US9316095B2ActiveUtilityA1
Autonomous inflow control device having a surface coating
Assignee: HALLIBURTON ENERGY SERVICES INCPriority: Jan 25, 2013Filed: Jan 25, 2013Granted: Apr 19, 2016
Est. expiryJan 25, 2033(~6.6 yrs left)· nominal 20-yr term from priority
Inventors:Luke William Holderman
E21B 43/12E21B 34/08E21B 2200/02
75
PatentIndex Score
4
Cited by
59
References
20
Claims
Abstract
An autonomous inflow control system for use downhole comprises a flow ratio control system comprising one or more fluid inlets, and a pathway dependent resistance system comprising a vortex chamber.

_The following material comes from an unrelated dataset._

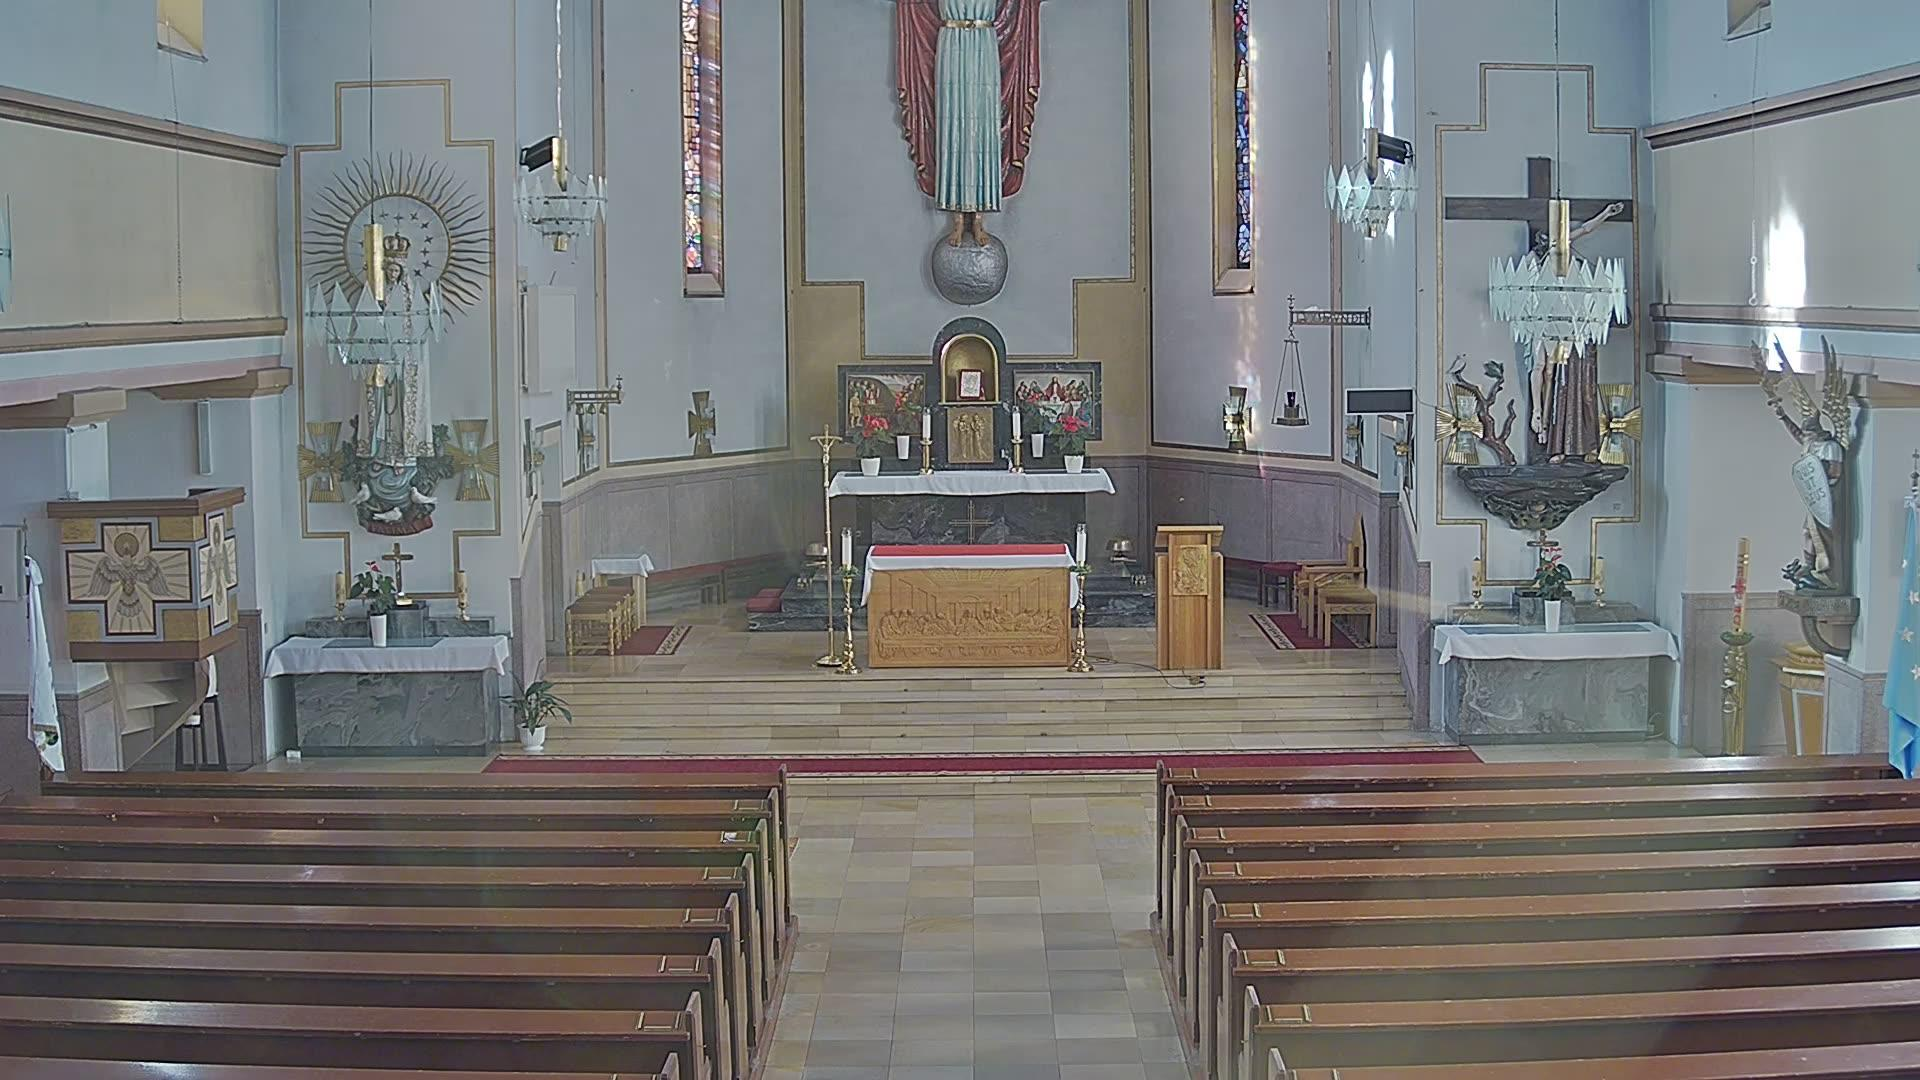 Webcam Komprachcice: Church

The one or more fluid inlets provide fluid communication between the flow ratio control system and the pathway dependent resistance system, and at least one of the one or more fluid inlets comprises a super hydrophobic surface.
Claims
exact text as granted — not AI-modifiedWhat is claimed is:
1. An autonomous flow control system for use downhole comprising:
a vortex chamber comprising a super hydrophobic surface;
a first leading passageway that directs fluid into the vortex chamber via a first inlet and a second inlet; and
a second leading passageway that directs fluid into the vortex chamber via a third inlet and a fourth inlet, wherein the first leading passageway and the second leading passageway are separated by the vortex chamber.

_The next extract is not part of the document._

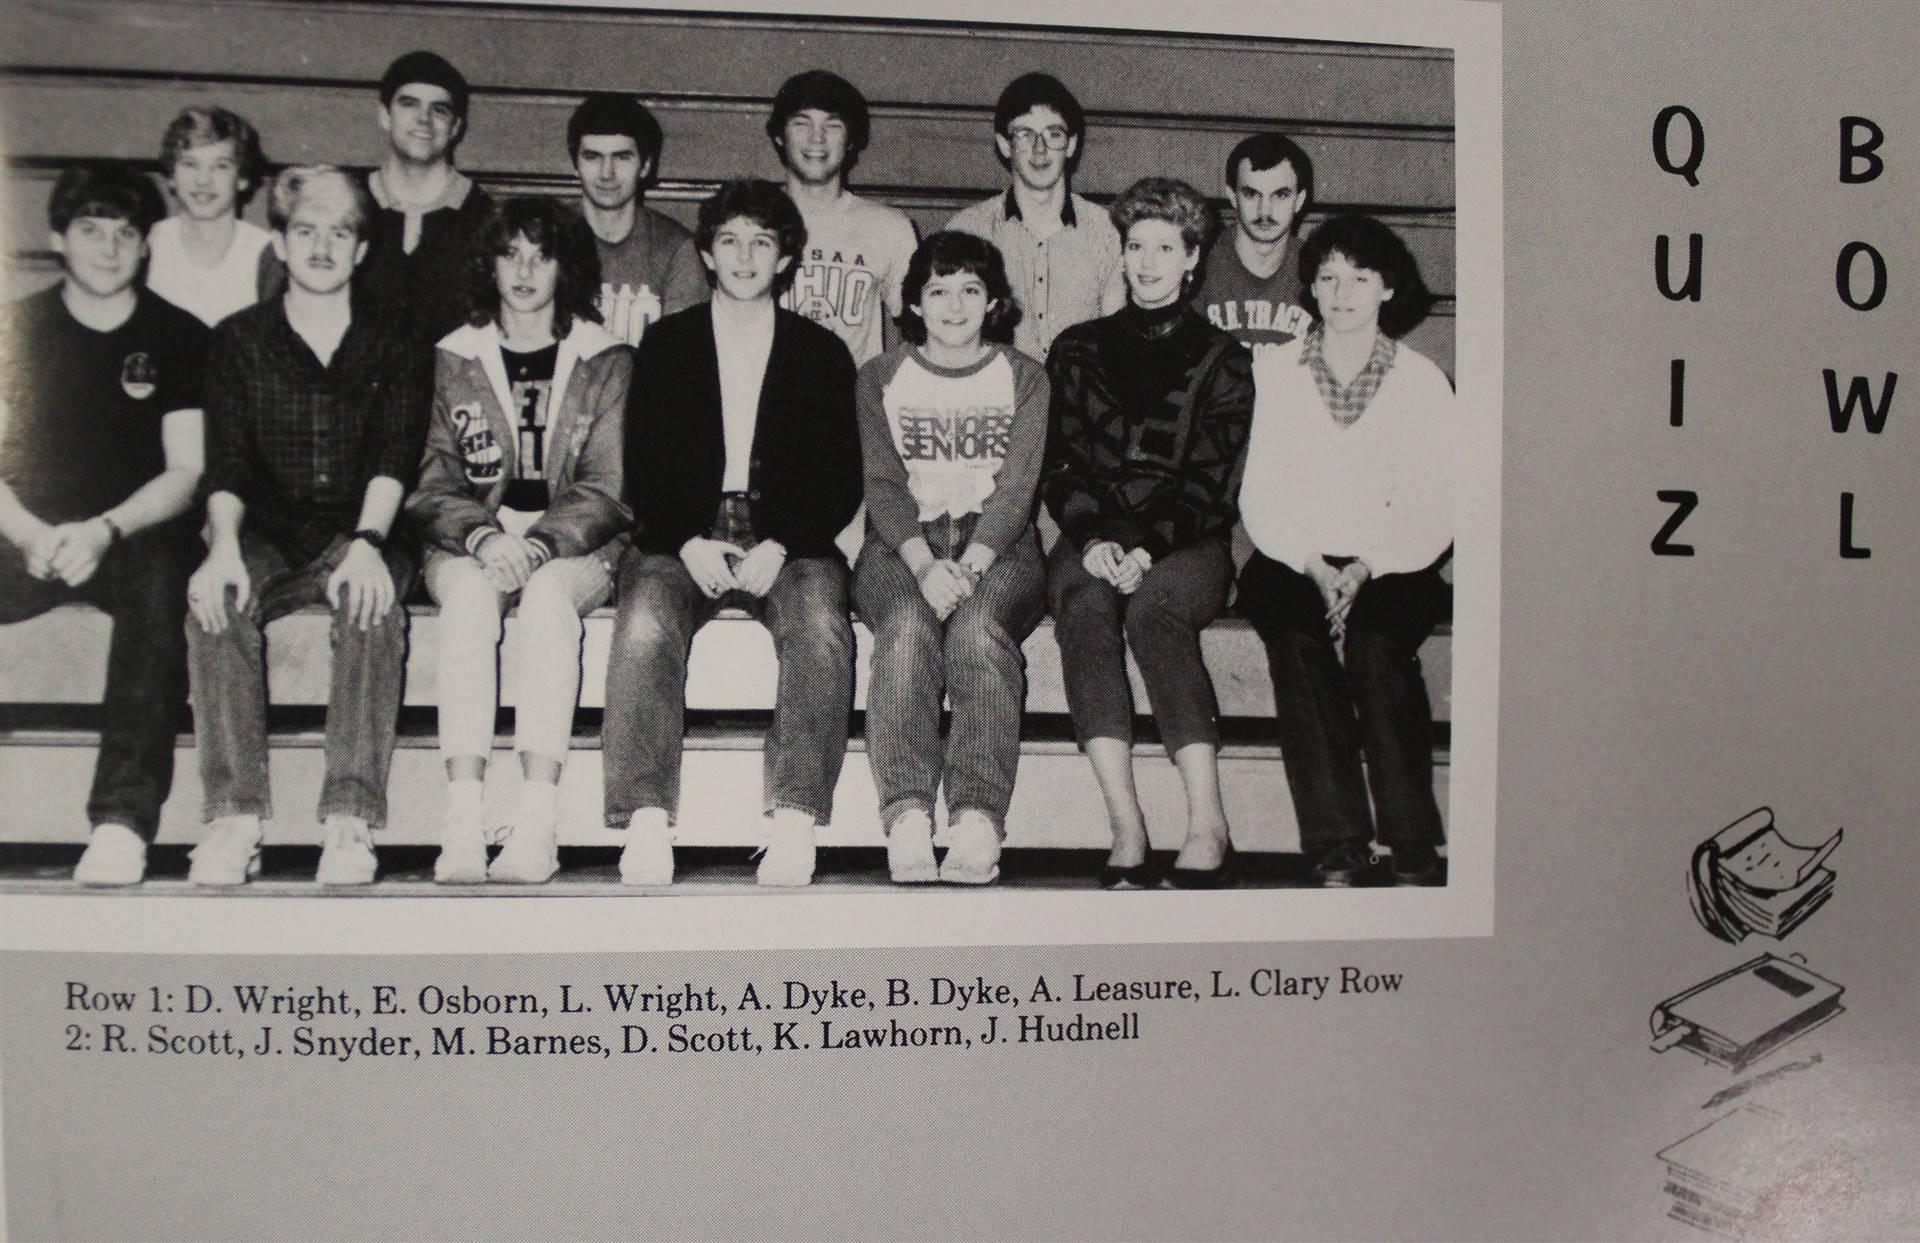 1986 Quiz Bowl

2. The autonomous flow control system of claim 1 , wherein the super hydrophobic surface comprises a hydrophobic surface coating.
3. The autonomous flow control system of claim 1 , wherein the super hydrophobic surface comprises a pattern of hydrophobic material.
4. The autonomous flow control system of claim 3 , wherein the pattern comprises at least one of a nanoscale pattern, a microscale pattern, a hierarchical pattern.
5. The autonomous flow control system of claim 3 , wherein the pattern comprises a continuous surface pattern.
6. The autonomous flow control system of claim 1 , wherein the super hydrophobic surface comprises substantially all of the surface of the vortex chamber.
7. The autonomous flow control system of claim 1 , wherein the vortex chamber further comprises a hydrophilic surface disposed over at least a portion of the vortex chamber.
8. The autonomous flow control system of claim 7 , wherein the vortex chamber comprises a vortex outlet, wherein the hydrophilic surface is disposed about the vortex outlet, and wherein the super hydrophobic surface is disposed about the hydrophilic surface.
9. The autonomous flow control system of claim 1 , wherein the vortex chamber comprises a vortex outlet, and wherein the vortex outlet comprises a hydrophilic surface disposed over at least a portion of the vortex outlet.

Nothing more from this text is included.